— Мистер Доббс, это я хочу спросить, чем могу помочь. Видите ли, я пришла к вам, надеясь получить работу в вашем замечательном учреждении, — сказала я, мысленно перестраивая весь этот убогий, тускло освещенный коридор.
— Что вы умеете делать? — спросил он.
— Я работала в сфере пиар-бизнеса, — сказала я, протягивая свое резюме. — Эта деятельность связана с активным общением. Работа с людьми и все такое.
Я кратко изложила суть своего сопроводительного письма, прибавив в заключение:
— А главное, я просто хочу внести немного оптимизма в жизнь стариков в вашей замечательной стране.
Мистер Доббс скептически взглянул на меня и спросил, есть ли у меня разрешение на работу.

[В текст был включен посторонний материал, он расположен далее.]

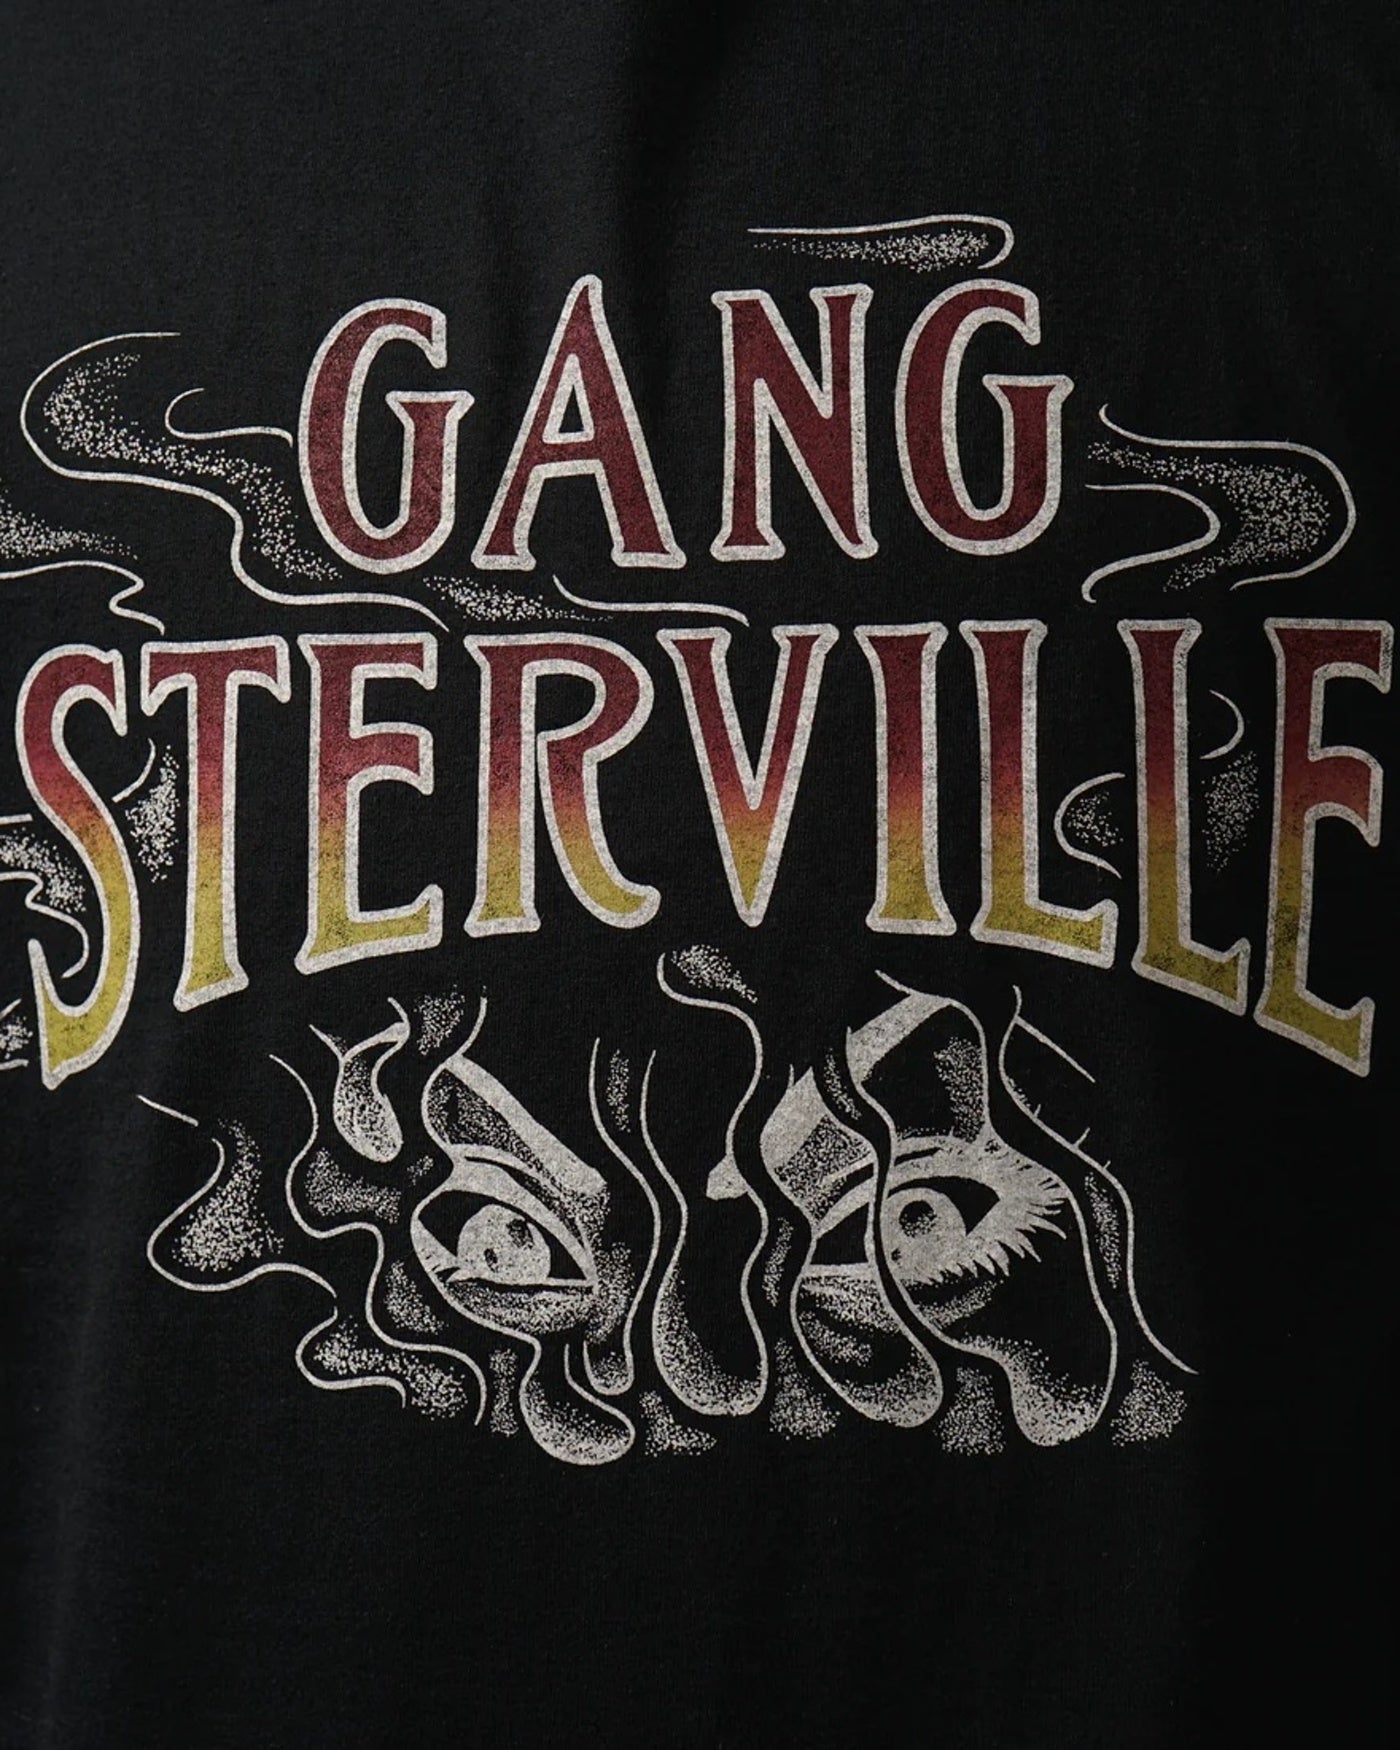 GANGSTERVILLE | TATTOO EYES - S/S T-SHIRTS - Black

— Э… нет, — растерялась я. — Но мне кажется, эту проблему можно легко уладить, вы ведь понимаете, что я имею в виду?
Он уставился на меня в упор и спросил, работала ли я когда-нибудь в доме престарелых. Я хотела солгать. В конце концов, сомневаюсь, что он стал бы звонить в Америку и проверять. Но потом на секунду меня посетила мысль, что ложь вовсе не подобает новой Дарси и вовсе не так уж необходимо обманывать, чтобы получить работу. И потому я сказала правду, добавив:
— Но поверьте, мистер Доббс, я справлюсь с любым делом. Работа на Манхэттене требовала очень много сил. Я работала по много часов и везде успевала.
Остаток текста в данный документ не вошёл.